Thermal imaging showed that convection (top) had a more gentle heating effect that did not heat the surface as effectively but heated through the board, or its core, at the same time it heated the surface. Infrared heating (bottom) caused a more rapid increase in temperature, especially on the surface of the board nearest the heat source.
Pressed for Powder
Powder coaters primarily are interested in finding a way to effectively powder coat medium-density fiberboard (MDF). MDF is the mainstay of the kitchen and bath cabinet market as well as for ready-to-assemble and contract furniture. Although MDF is an engineered product (composed of resins, adhesives and other materials pressed together), it varies to some extent from supplier to supplier. The solution had to be flexible enough to account for the variations among board manufacturers.The manufacturers of powder-coated boards were looking for a solution that allowed faster process times as well. Using thermal imaging equipment provided by Flir Corp., Portland, Ore., lab engineers at the process heating equipment manufacturer studied the effects of both infrared and convection heating on wood panels. A series of cross-hatched test boards were developed to study the effects of heating edges and boards of varying thickness and geometry.
The tests revealed that each method had a markedly different effect on the way the MDF responded. Not surprisingly, the ordinary effects of each technology were evidenced. Infrared heating caused a more rapid increase in temperature, especially on the surface of the board nearest the heat source. Convection had a more gentle heating effect that, while more forgiving to the board's shape and size, did not heat the surface as effectively. But the convection process heated through the board, or its "core," at the same time it heated the surface. It became clear to the engineers that while each heating method had advantages, they also had limitations for processing powder-coated boards.
An infrared solution alone had a high probability of scorching some parts of the board and underheating other parts. Another problem with straight infrared was that it heated the surface more rapidly than the core and did not allow sufficient time for the board to outgas. Trapped moisture, volatiles and air would cause problems during the curing process, creating surface defects on the panels. Further testing also showed the board surface cooled dramatically, especially on the edges and in the routed surfaces. This was a particular concern because uniform heating is necessary at various steps in the powder coating process.
To properly powder coat an MDF part, it first needs to be preheated. Preheating the board does a few things:
- Allows the board outgas before the coating is applied.
- Allows moisture in the wood (typically in the 4 to 7 percent range) to render the surface conductive enough to attract the powder coating. Powder is applied electrostatically by charging the powder particles at the tip of the spray gun. The charged particles are drawn to the grounded part surface. With metal parts, this happens easily. But with wood, it is difficult to develop enough attraction without some moisture in the board. (In fact, some board manufacturers have taken to preconditioning boards in large, environmentally controlled rooms to ensure proper moisture content.)

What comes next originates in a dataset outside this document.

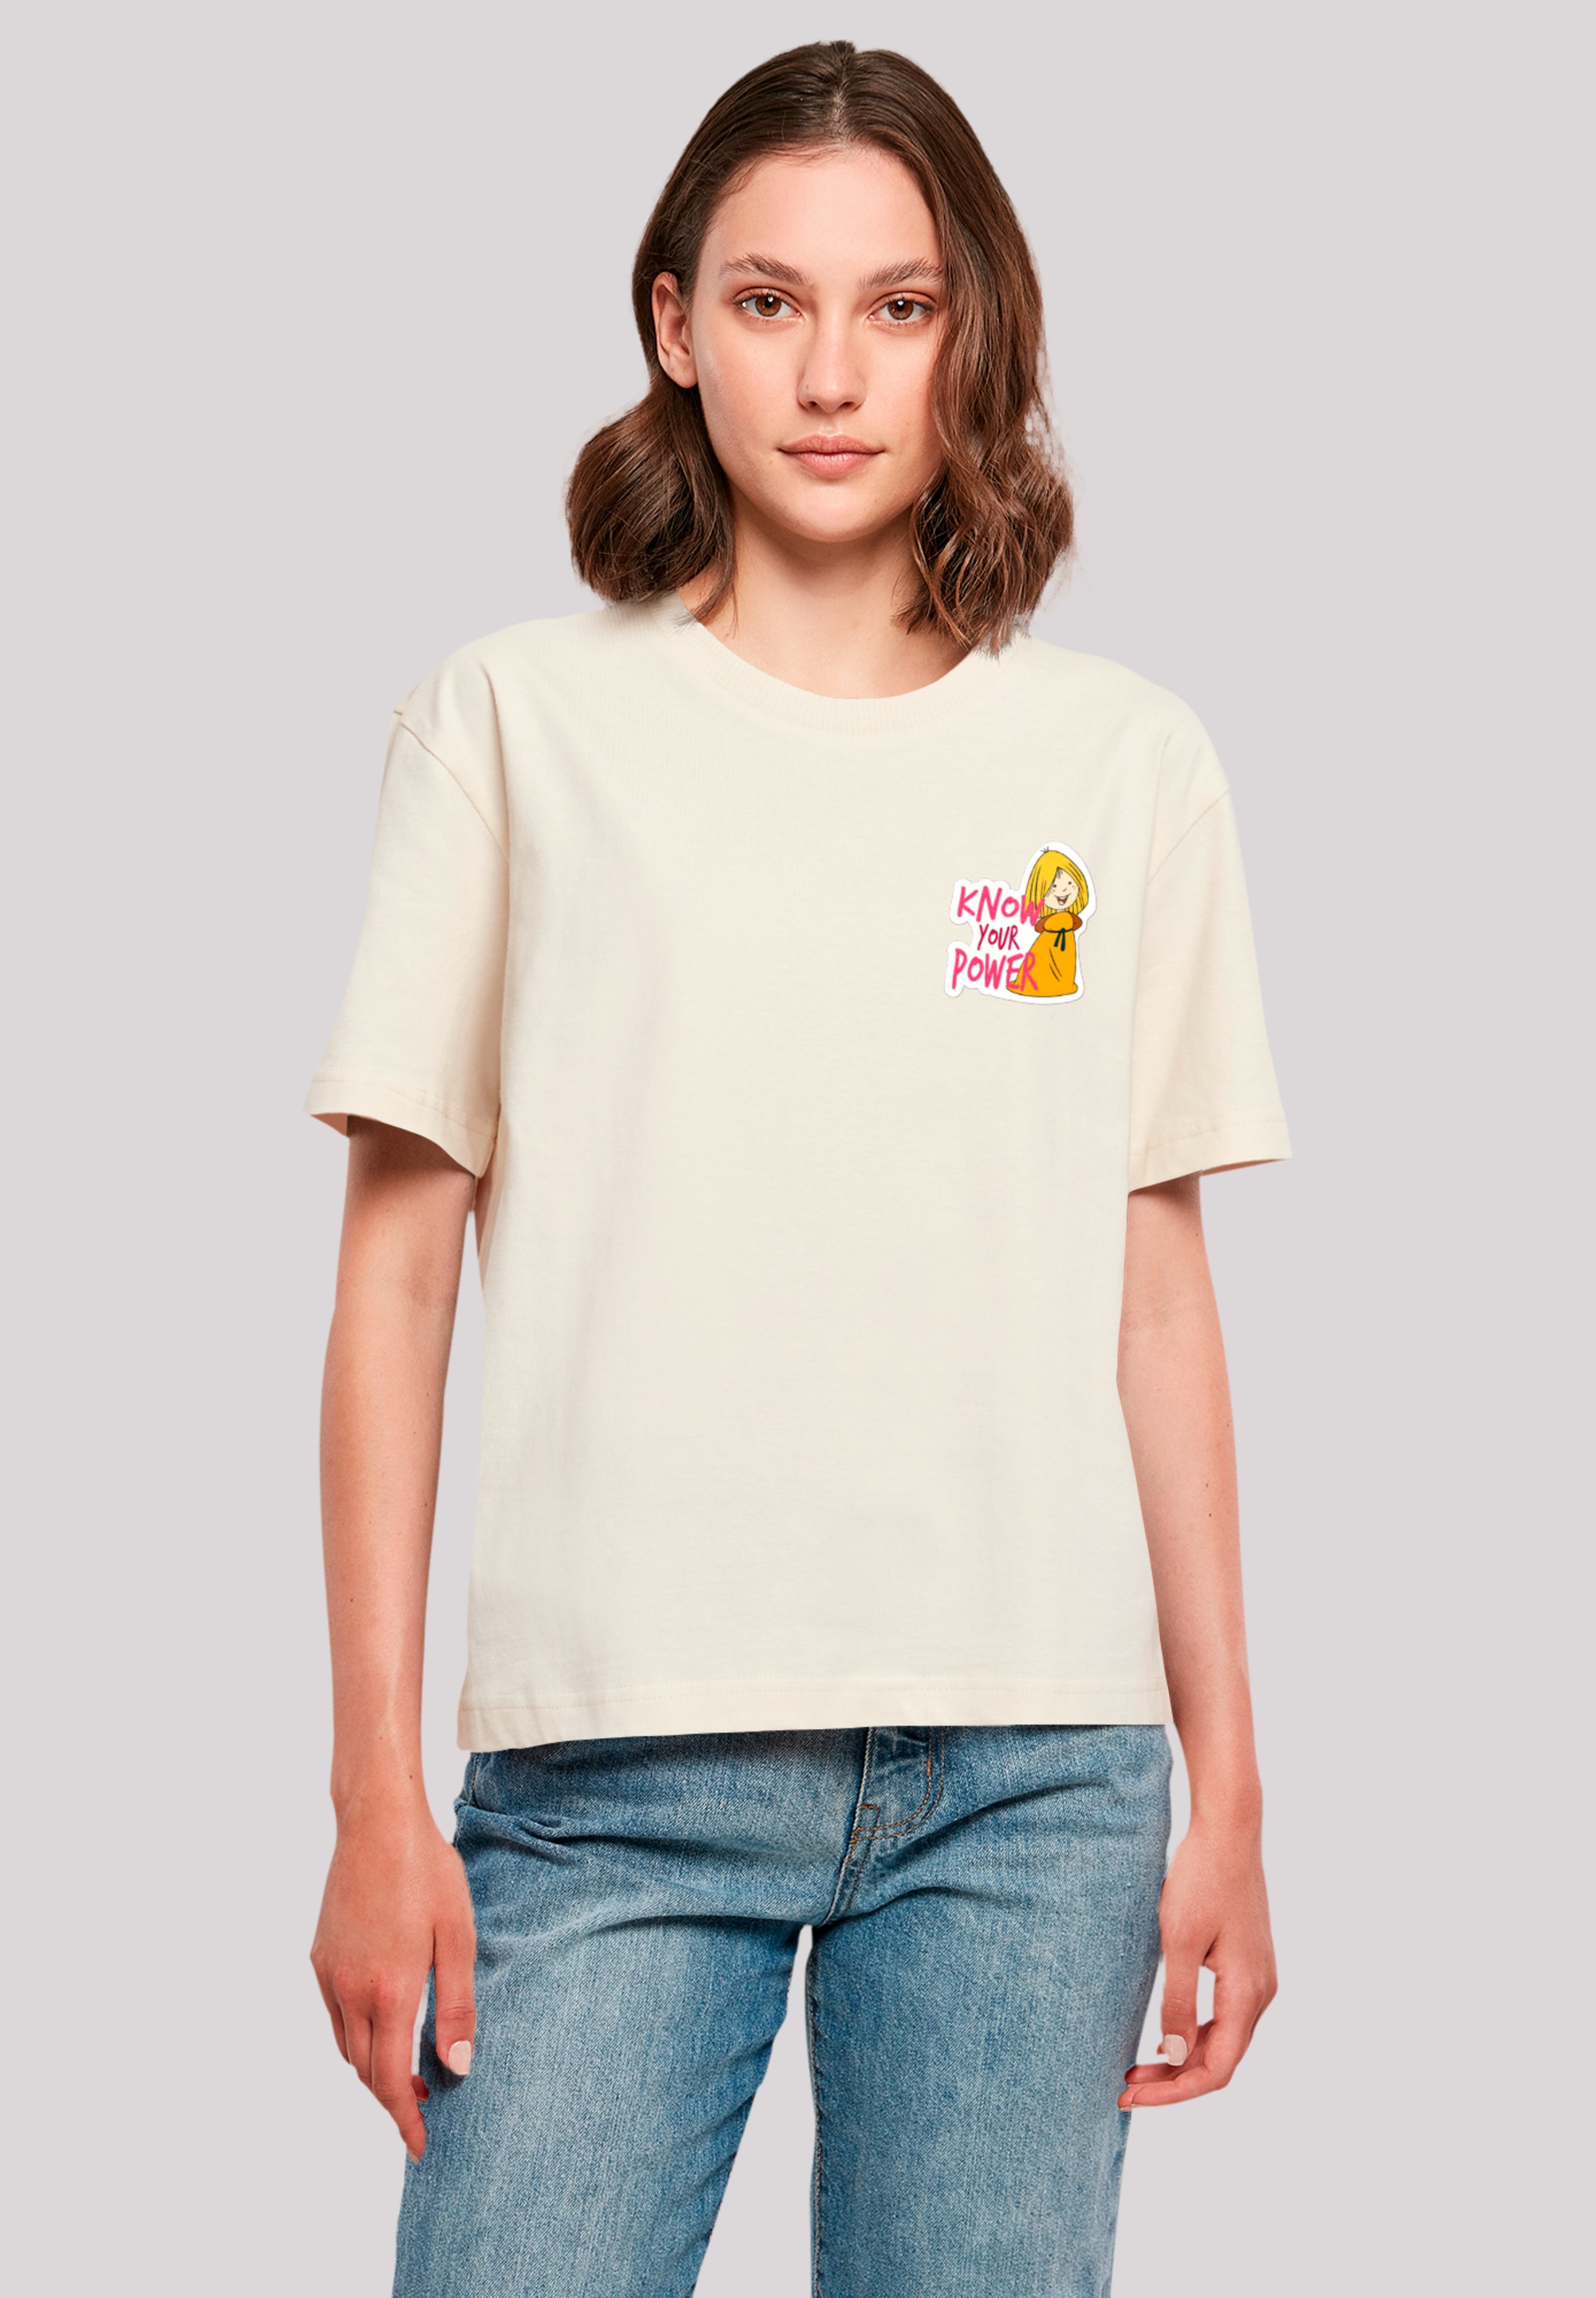 T-Shirt »Wickie Know Your Power«, Nostalgie, Retro Print, Kinderserie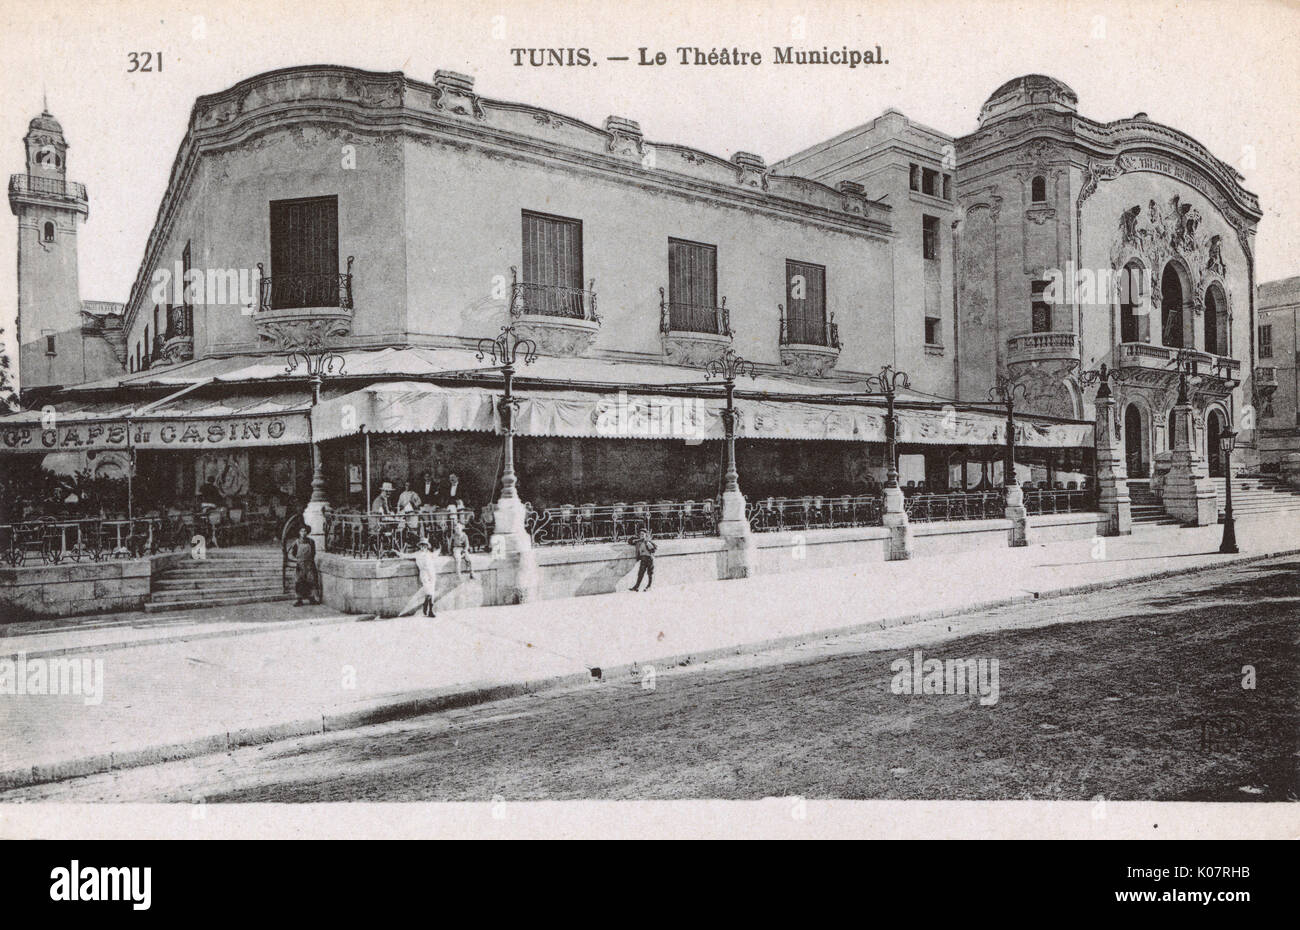 Teatro Comunale, Tunisi, Tunisia, Nord Africa, con il Grand Cafe du Casino sulla sinistra. Data: circa 1910 Foto Stock

- Allows powder to stick better to the surface. The fast-moving powder particle actually melts a bit on impact - a process referred to as impact fusion. The fused particle is more tightly bound to the panel than a powder particle clinging on by static electricity alone.
The benefit of controlling film thickness and coverage of applied powder is a functional concern and a cosmetic one. Functionally, thicker films may offer more wear resistance than a film that is too thin. Conversely, film that is too thick may be difficult to cure all the way through. But variations in film thickness also affect visual qualities such as the gloss of the coating and how smooth the final coating will appear.
Proper preheating is key to good-looking, properly functioning coatings. And a key to uniform film thickness is uniformity of board temperature. Although the powder booth may be only a few feet away from the preheat oven, the part cools during the trip. In practice, there often is a minute or two of transit time. By the time the part arrives in front of the powder guns, variations in temperature are more extreme than they were in the oven. That is why careful control of the preheating environment is a must for powder coating wood.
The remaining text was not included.